Полибий и его герои - Бобровникова Татьяна Андреевна. Страница 15

И он оказался прав. Вскоре он встретил родосский флот у Лады и нанес ему сокрушительное поражение. Победителем вступил он в Милет. Греки, по своему обыкновению, изощрялись в лести, осыпали хвалами великого героя и торжественно увенчали венками его и верного пирата Гераклида (XVI, 10, 1; 14, 5; 15). Теперь Филипп ринулся против второго своего врага, Аттала. Он разбил его войско и подступил к самым стенам Пергама. Но здесь ждало его горькое разочарование. Город был так хорошо укреплен искусством и природой, что все попытки взять его штурмом кончались ничем. Мало того, вскоре Филипп убедился, что кругом как шаром покати. Окрестные деревни были пусты. Оказывается, Аттал предусмотрительно велел заранее собрать урожай, а хлеб спрятал за городскими стенами. Как бешеный, носился Филипп по пергамским равнинам.
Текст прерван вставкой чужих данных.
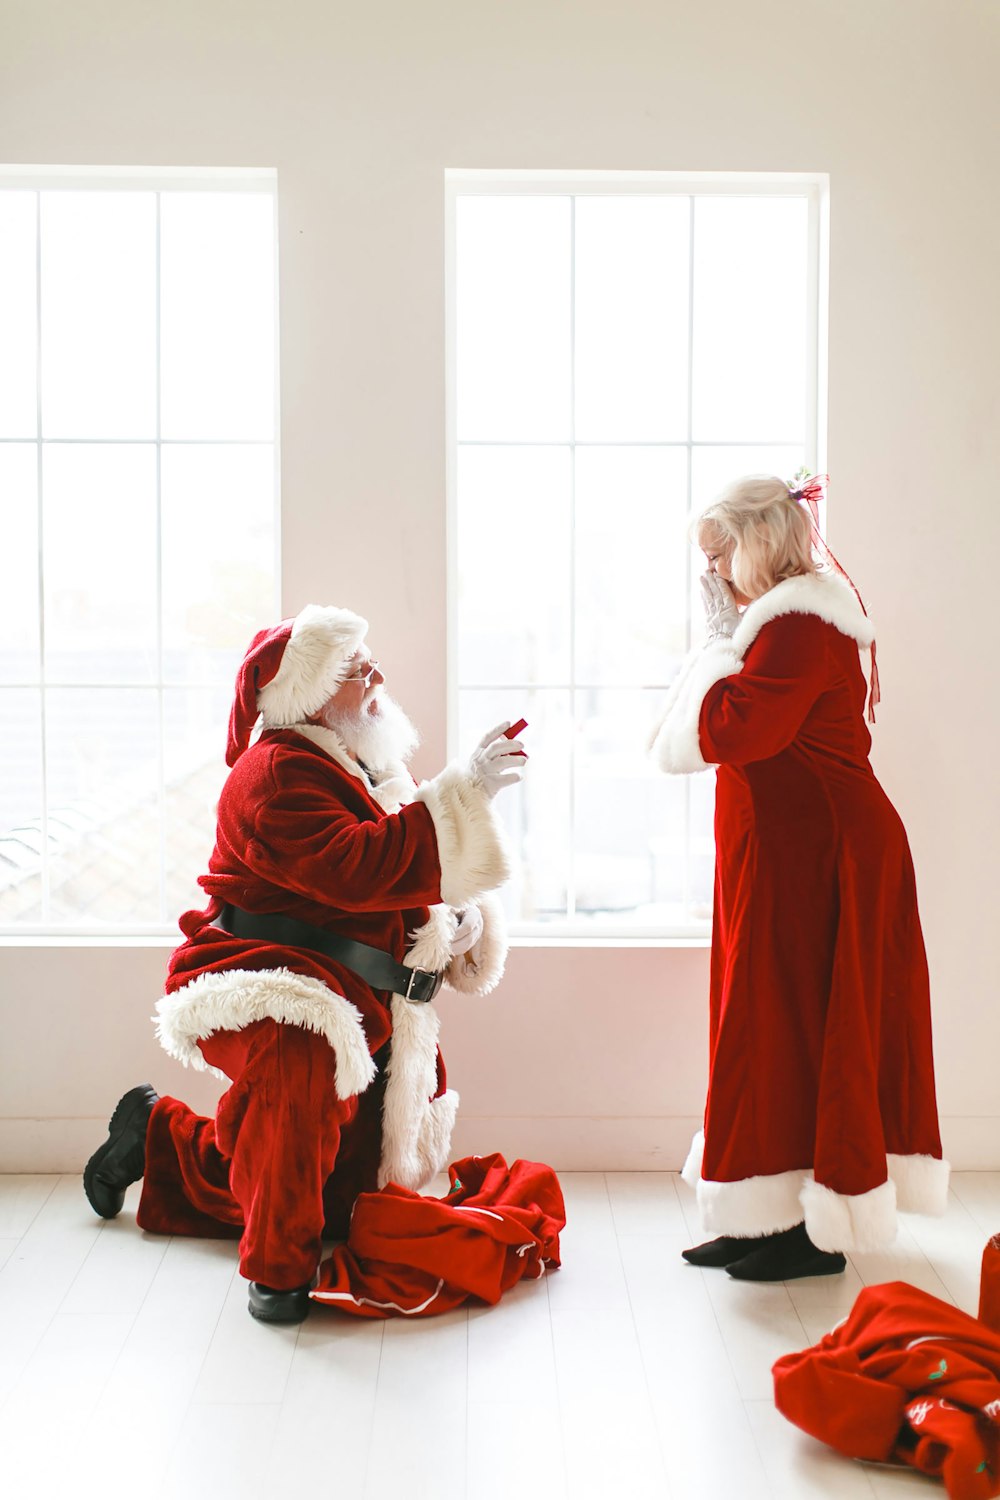 a man dressed as santa claus and a woman dressed as santa claus

И тогда македонский царь «обратил свою ярость против изображений божеств и святилищ… Он не только жег и разрушал до основания храмы и алтари, но велел разбивать самые камни, чтобы всякое восстановление развалин сделалось невозможным… Множество великолепных храмов сравнял он с землей». Затем он набросился на священный участок Афродиты. Рубил и кромсал древние священные оливы, пока, наконец, кругом не воцарилась мерзость запустения. «Хотя этими действиями он причинил бесчестье гораздо более себе, чем Атталу. По крайней мере, мне так кажется», — замечает Полибий (Polyb. XVI, 1; XVIII, 2, 2; 6, 4; Liv. XXXI, 46, 4) [13]  {10}.

Македонский царь привел врагов в ужас. Современник этих событий, поэт Алкей Мессенский, писал:

………………………………………….
Зевс Олимпиец, закрой медные двери богов!
Скипетр Филиппа успел подчинить себе сушу и море,
И остается ему путь лишь один — на Олимп [14].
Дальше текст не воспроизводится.